Prompt: Locate the line bearing "Regatta at St." in the material below, then reproduce it and each following line up to and including the line bearing "Lord Vishnu Wallpapers".

Data for analysis:
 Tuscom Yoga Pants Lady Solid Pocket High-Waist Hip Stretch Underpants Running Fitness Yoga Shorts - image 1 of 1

* * *

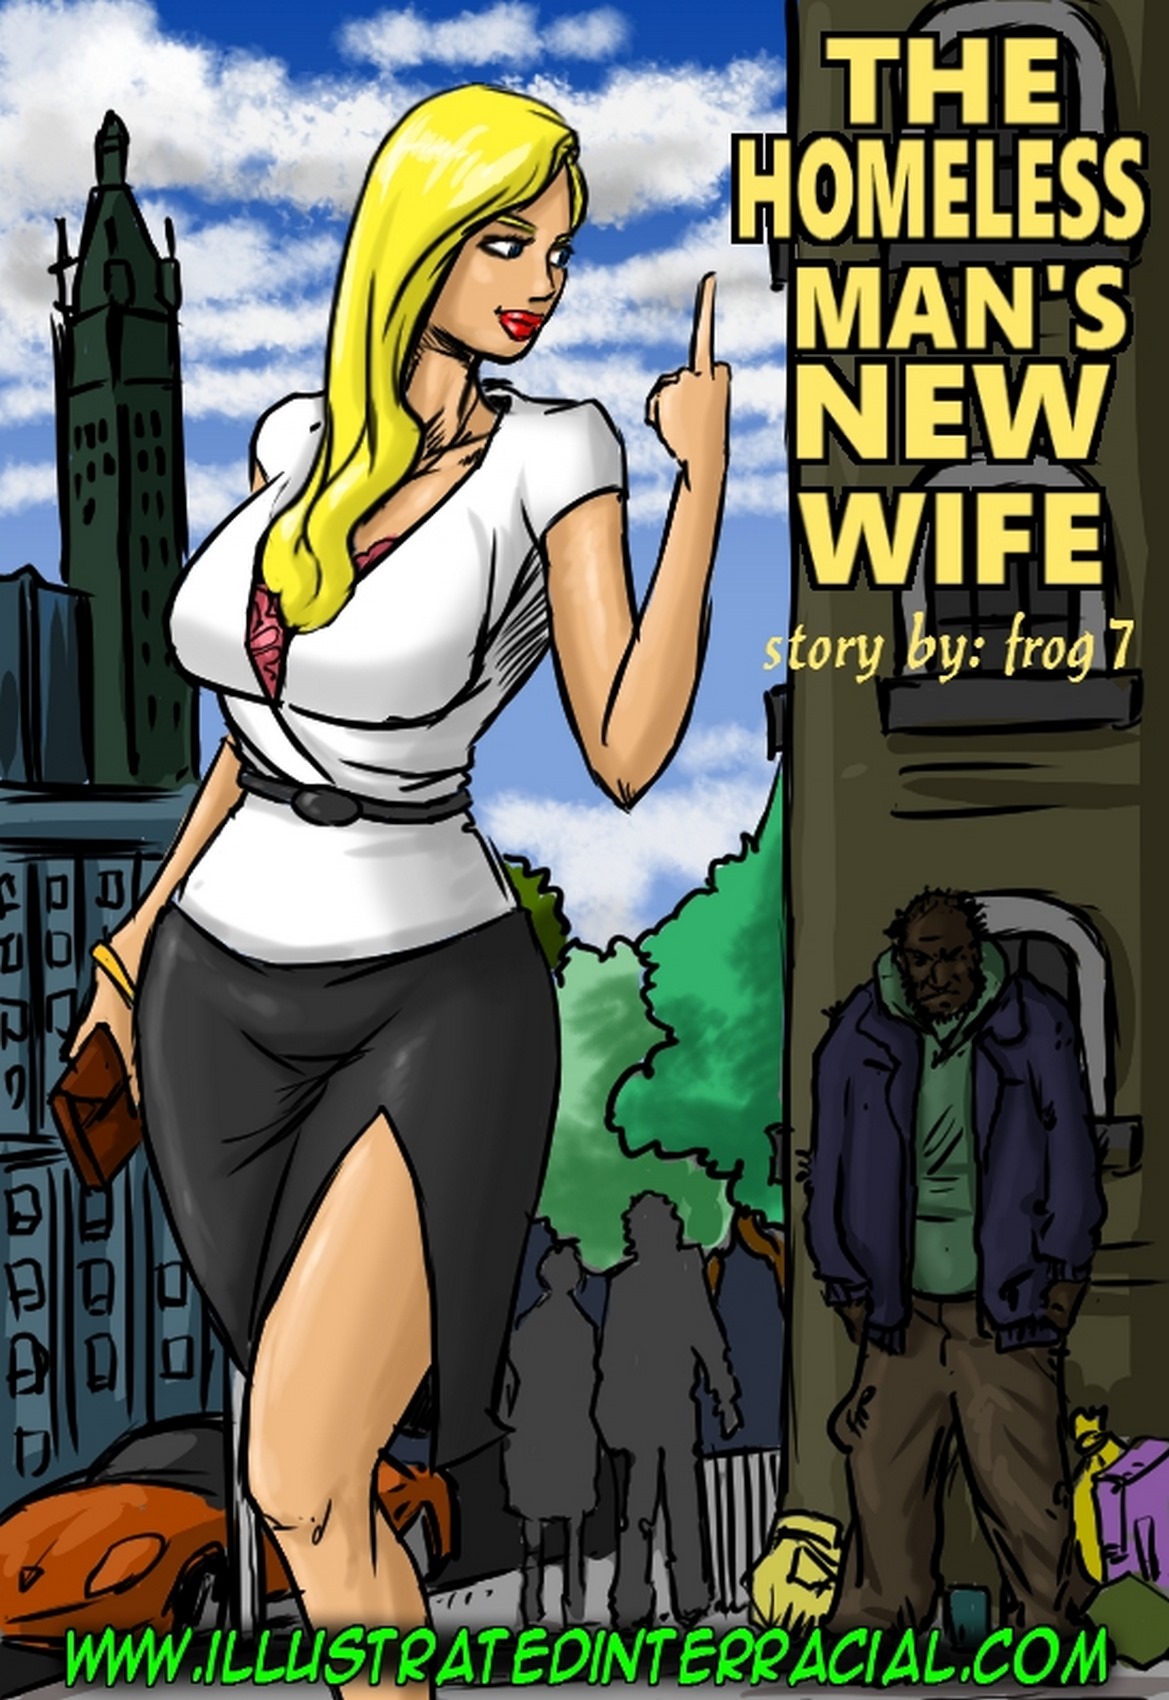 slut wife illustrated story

==

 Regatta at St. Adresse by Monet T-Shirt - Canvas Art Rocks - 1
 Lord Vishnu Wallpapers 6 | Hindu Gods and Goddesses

Task response:
 Regatta at St. Adresse by Monet T-Shirt - Canvas Art Rocks - 1
 Lord Vishnu Wallpapers 6 | Hindu Gods and Goddesses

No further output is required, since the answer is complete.